As with clinical trials, RAM treatment did not cause any grade 3 or 4 treatment-related adverse events; at 6 weeks, the mALBI grade did not deteriorate. Additionally, there were no cases of body weight loss. This may be an advantage for a tyrosine kinase inhibitor (TKI)-sequential treatment. In fact, 3 of 4 patients (75%) were able to proceed to the next treatment after the radiological confirmation of disease progression. With regard to LEN therapy, a relationship between a sustained decrease in AFP concentration from 2 to 4 weeks after treatment initiation and achievement of a highly objective response was reported (21). Similarly, in patients with an imaging response of SD, the rate of change in AFP decreased. The evaluation of trends in the AFP concentration may help predict RAM effectiveness.
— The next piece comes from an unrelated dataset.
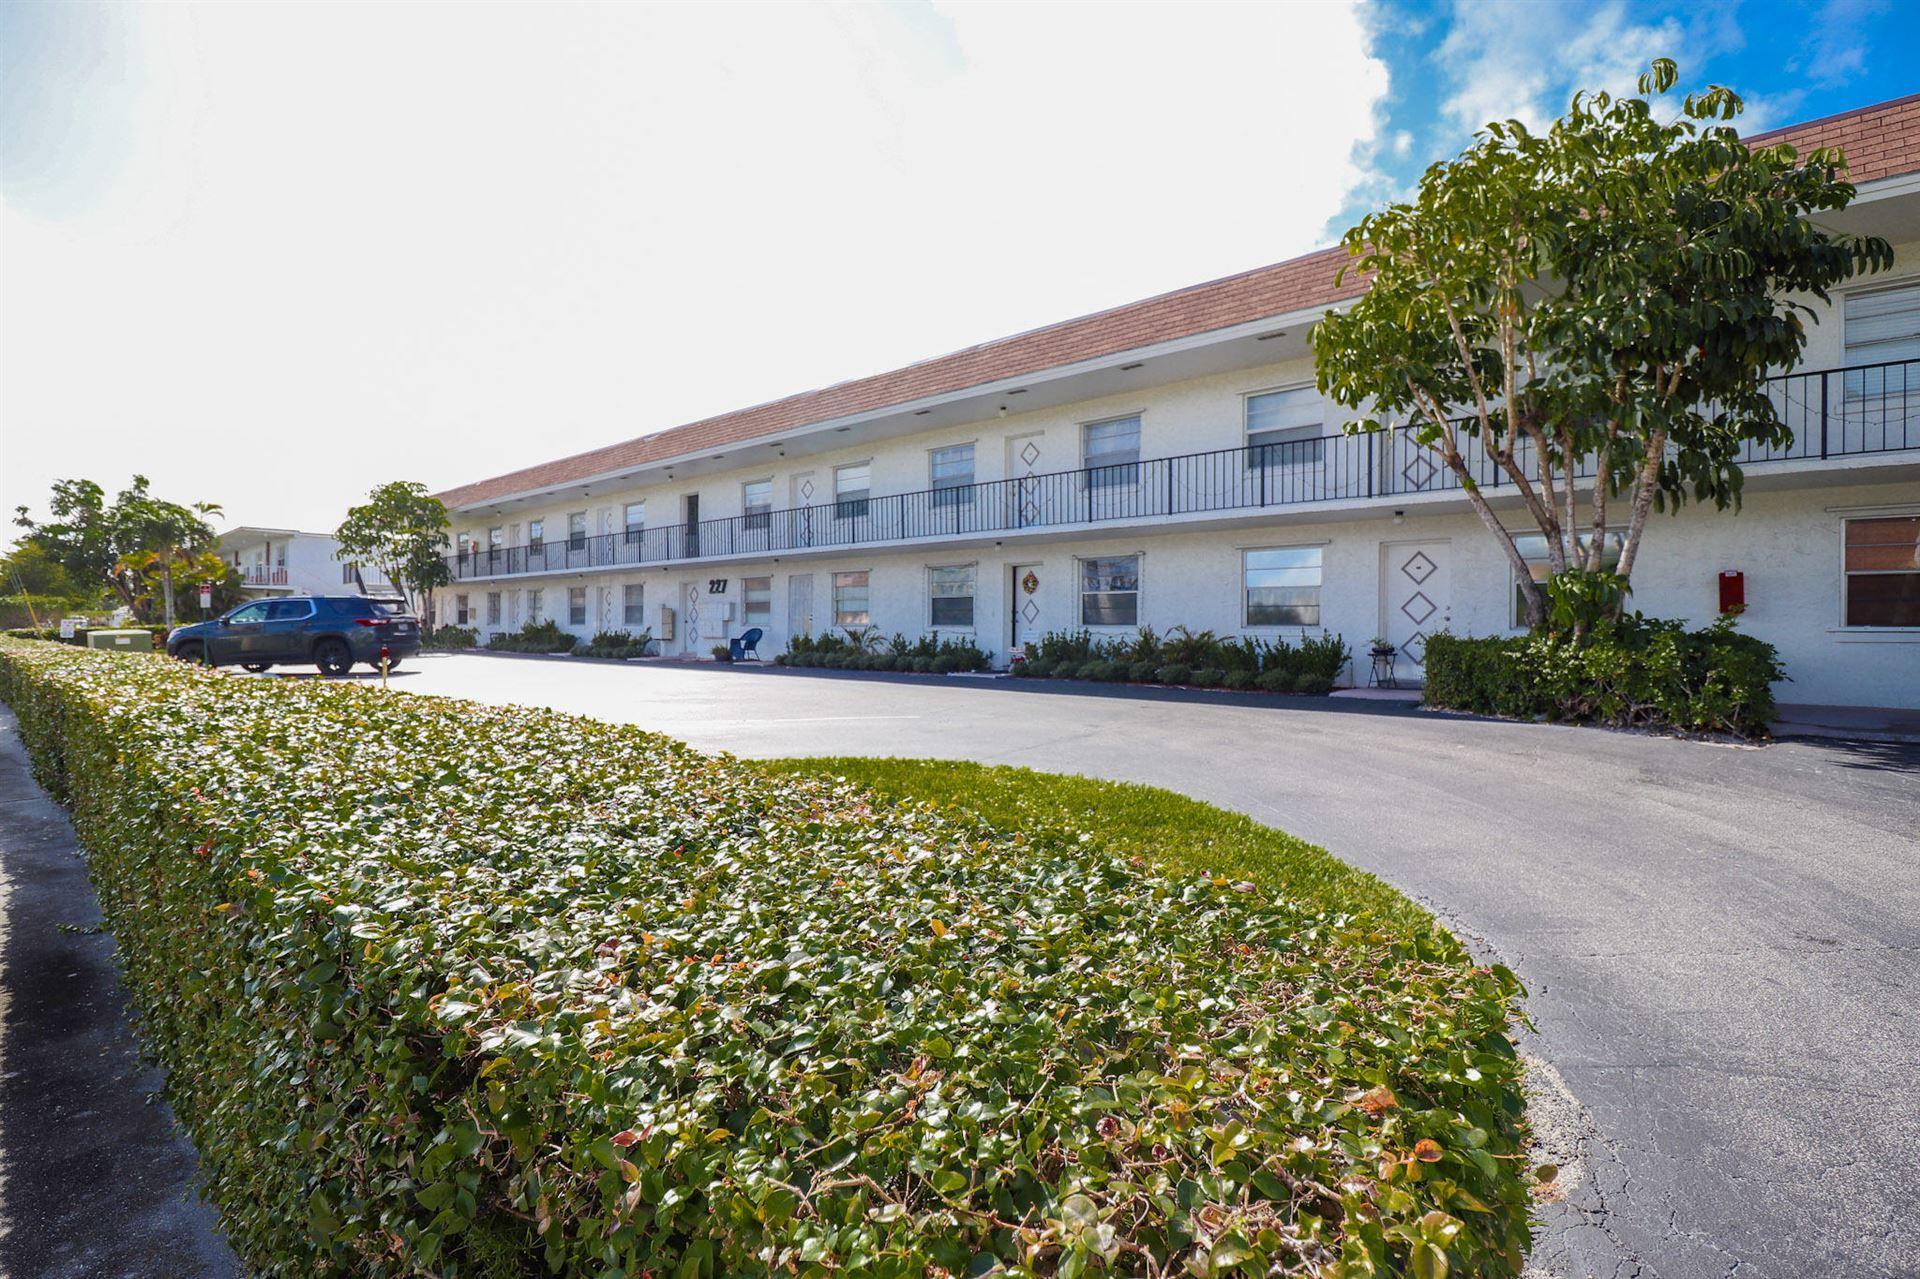 227 Castlewood Drive #203, North Palm Beach, FL 33408 - #: RX-10683867

This study was associated with the limitations of a small sample size and a short follow-up period. In the future, a large-scale analysis with a larger sample size and a longer observation period is necessary.

The pure therapeutic effect of RAM in patients with HCC after LEN failure should be evaluated in the case of sequential TKI treatment. However, in actual clinical practice, patients often receive other bridging treatments to suppress disease progression.

The TACTICS trial (22) showed that SOR in combination with TACE significantly improved the PFS over TACE alone in patients with unresectable HCC. It is thought that our study population therefore reflects the situation in actual clinical practice.

It is important to estimate the effectiveness of each treatment combination according to the current situation. In the future, it will be necessary to study more cases at multiple centers and to evaluate the pure effect of RAM after LEN failure.

In summary, the results of this study suggested that some patients may benefit from RAM after LEN failure and that evaluating the trends in AFP concentrations may be useful for predicting RAM effectiveness. Thus, RAM may have therapeutic utility as a second-line treatment in HCC, not only after SOR, but also after LEN.

Author's disclosure of potential Conflicts of Interest (COI).

Yusuke Kawamura: Honoraria, Eisai. Masahiro Kobayashi: Honoraria, Eisai. Junichi Shindoh: Honoraria, Eisai. Hiromitsu Kumada: Honoraria, Eisai.

Financial Support

This work was supported in part by grants from the Ministry of Health, Labor and Welfare in Japan and Japan Agency for Medical Research and Development.

The sources of funding were the Okinaka Memorial Institute for Medical Research and the Japanese Ministry of Health, Labor and Welfare.